Comment by softirq
2 years ago
A person using Vim or Emacs has had best in class integration with the unix environment, modal editing, and remote development. Today, both editors have integration with VCS via fugitive or magit, fuzzy finding, LSPs, tree sitter, and code generation tools using LLMs. These tools have not stagnated, they've continued to evolve and stay best in class in many areas. So the "one tool is better than the other" argument doesn't really sway me. My point still stands that the community and open architecture are more important than any one editing feature.
> Equally, I can say purists or idealogists are so concerned with theoretical changes and breakages, and so afraid of the possibility of something changing that they miss out on game changing improvements to tooling.
Blindly following the crowd is also dangerous. Making choices based on principle is what allows good things like open source communities and solutions not swayed by corporations to exist, even though they might require more up front investment.
The problem with these tools is that despite having worked with computers for 35 years, I don‘t get them. My brain is not made for them.
I only use out of the box vim when I work on consoles (which is still a fair amount of the time), I can exit (hey!), mark/cut/copy/paste (ok, yank!), save, and find/replace if I must. Everything else is just beyond what my brain wants to handle.
A lot of Jupyter lab and some VSCode otherwise. I can‘t say I know all about those either.
The last IDE that I knew pretty well was Eclipse, in about 2004. I even wrote plugins for it for my own use. That wasn‘t too bad for its time, I don‘t quite get why it got out of fashion.
There are those of us that still use it :) productivity gains lie elsewhere. And running various maven and git commands from command line instead of clicking around... something about keeping the skills in better shape
> My point still stands that the community and open architecture are more important than any one editing feature.
No, it doesn't, because it's essentially a matter of opinion, not an objective fact that can be measured and proven. You prefer to have an open architecture and a community of enthusiasts. I prefer to have most of my editor features available out of the box, and modal editors just confuse me.
At the end of the day, developer productivity is not a function of their editor of choice, so what matters is that each developer is comfortable in the environment they work in, whether that be Vim, Emacs, IntelliJ, or VS Code.

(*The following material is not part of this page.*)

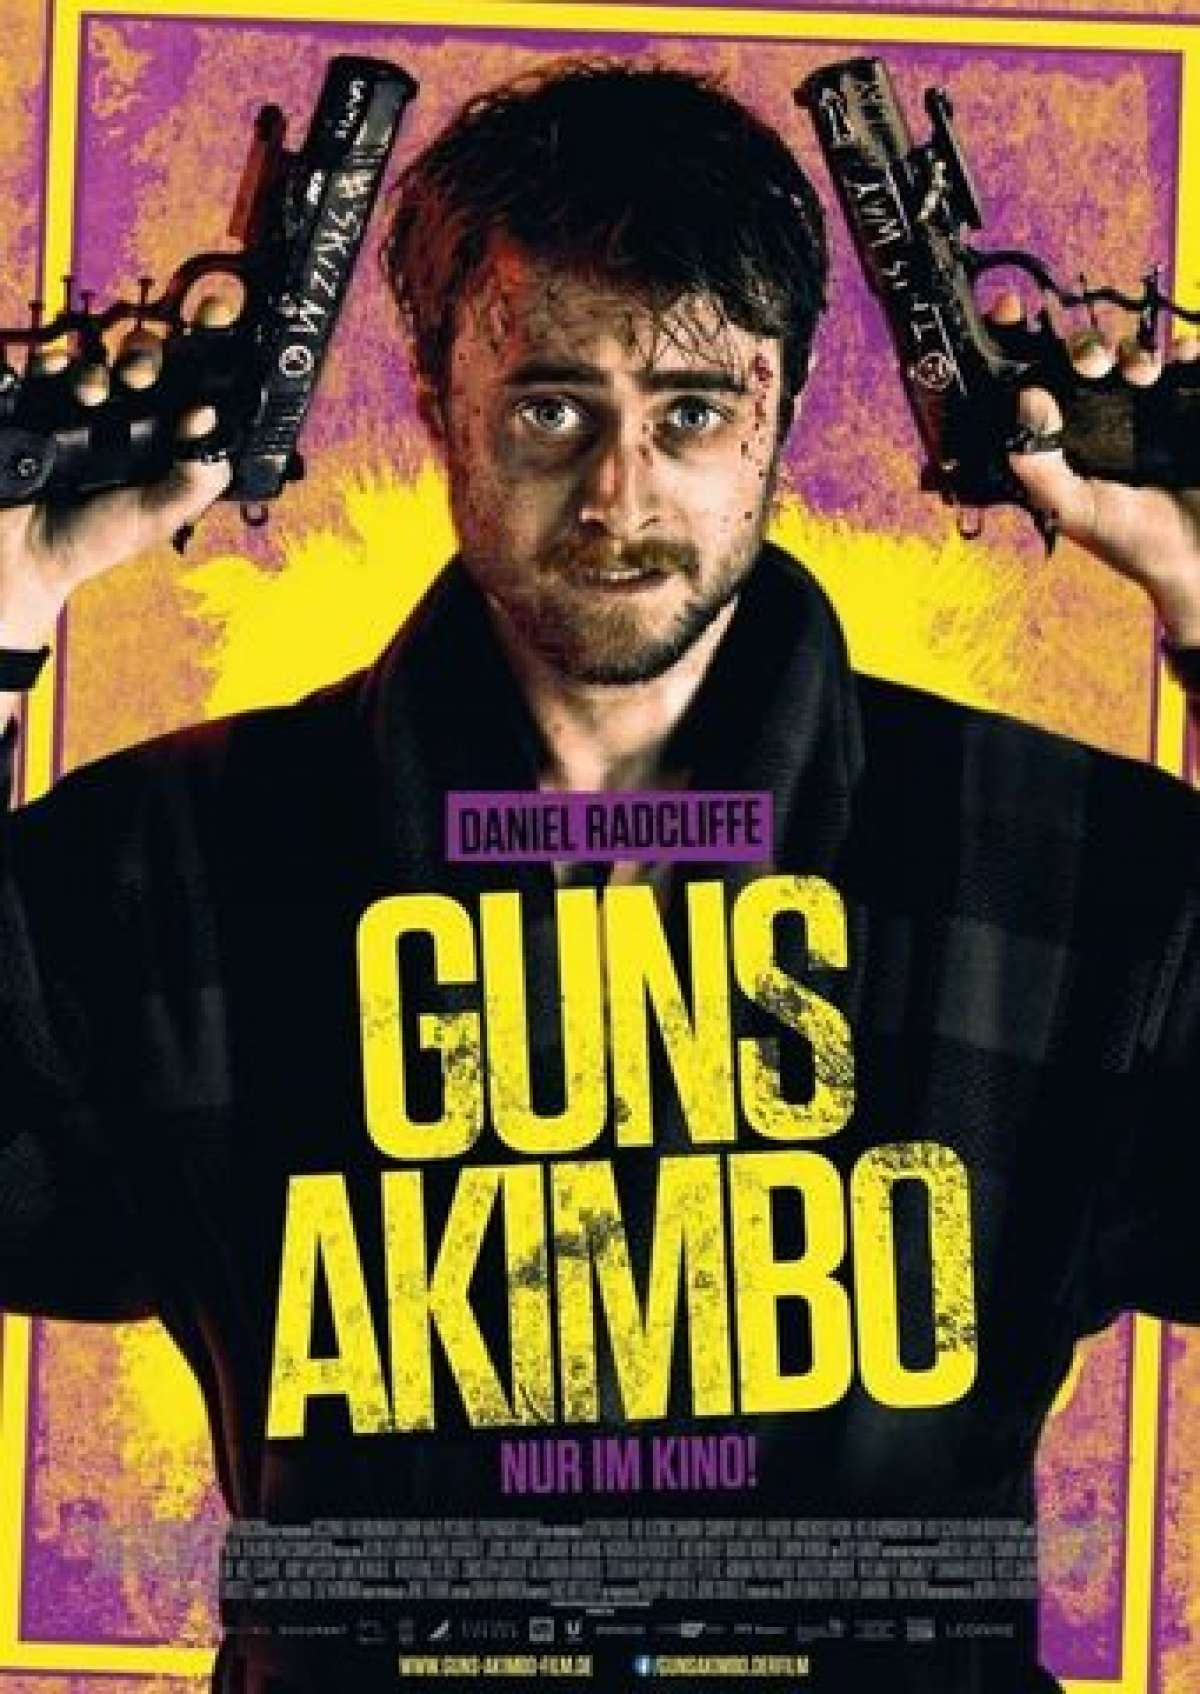 Guns Akimbo - Burg Theater Treysa - Schwalmstadt-Treysa
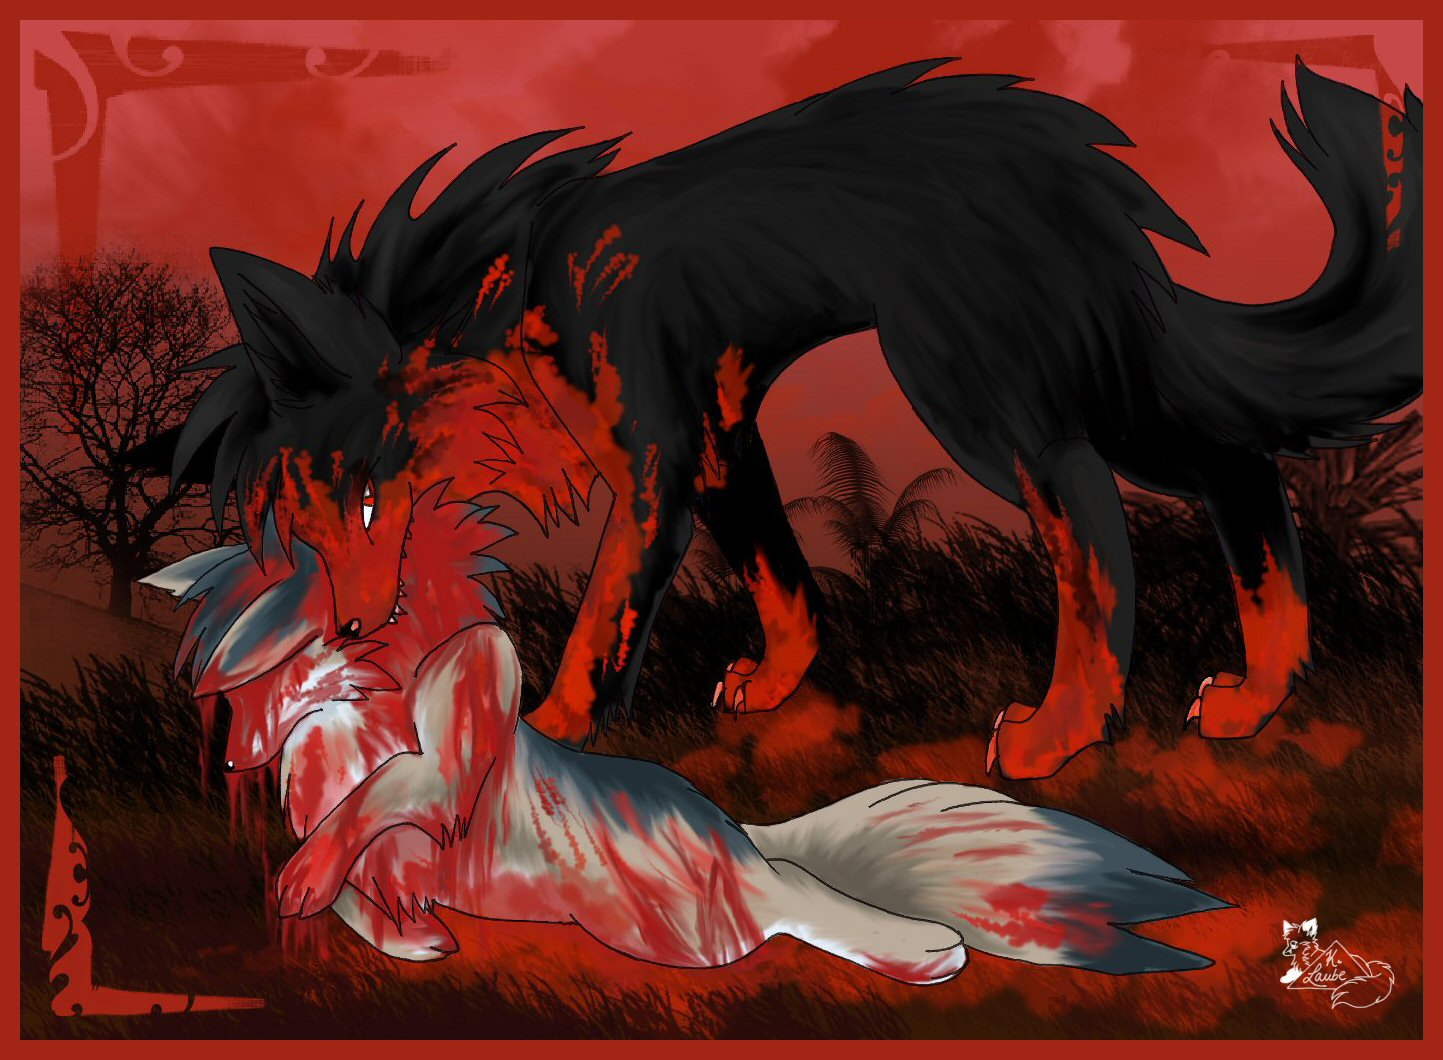 Kill_the_wolf_by_Pharaonenfuchs.jpg

Learning curves are uncomfortable, so by your logic we should all always take the path of least resistance and use the tool that makes things easy up front without considering the long term benefits of using something like Vim or Emacs. I find this to be counterproductive to having a great career as a software engineer.
Rapidly assimilating difficult to understand concepts and technologies is an imperative skill to have in this field. Personally, I find the whole notion of Vim being difficult to learn, or not "ready out of the box" perplexing. Writing some code that's a few hundred lines or less, where it's mostly just importing git repos, is easy. Vim has superb documentation. How hard must regular programming be if it's difficult to just understand how to configure a text editor?
It's not that configuring the editor is hard, it's that it's unnecessary—the only thing you've been able to identify that I'm missing by using IntelliJ is an ideology and a community, neither of which are important to me in a text editor.
If it matters to you, that's fine—use whatever you're comfortable with! I just don't understand why you feel the need to shame others for choosing to focus their energy on something else.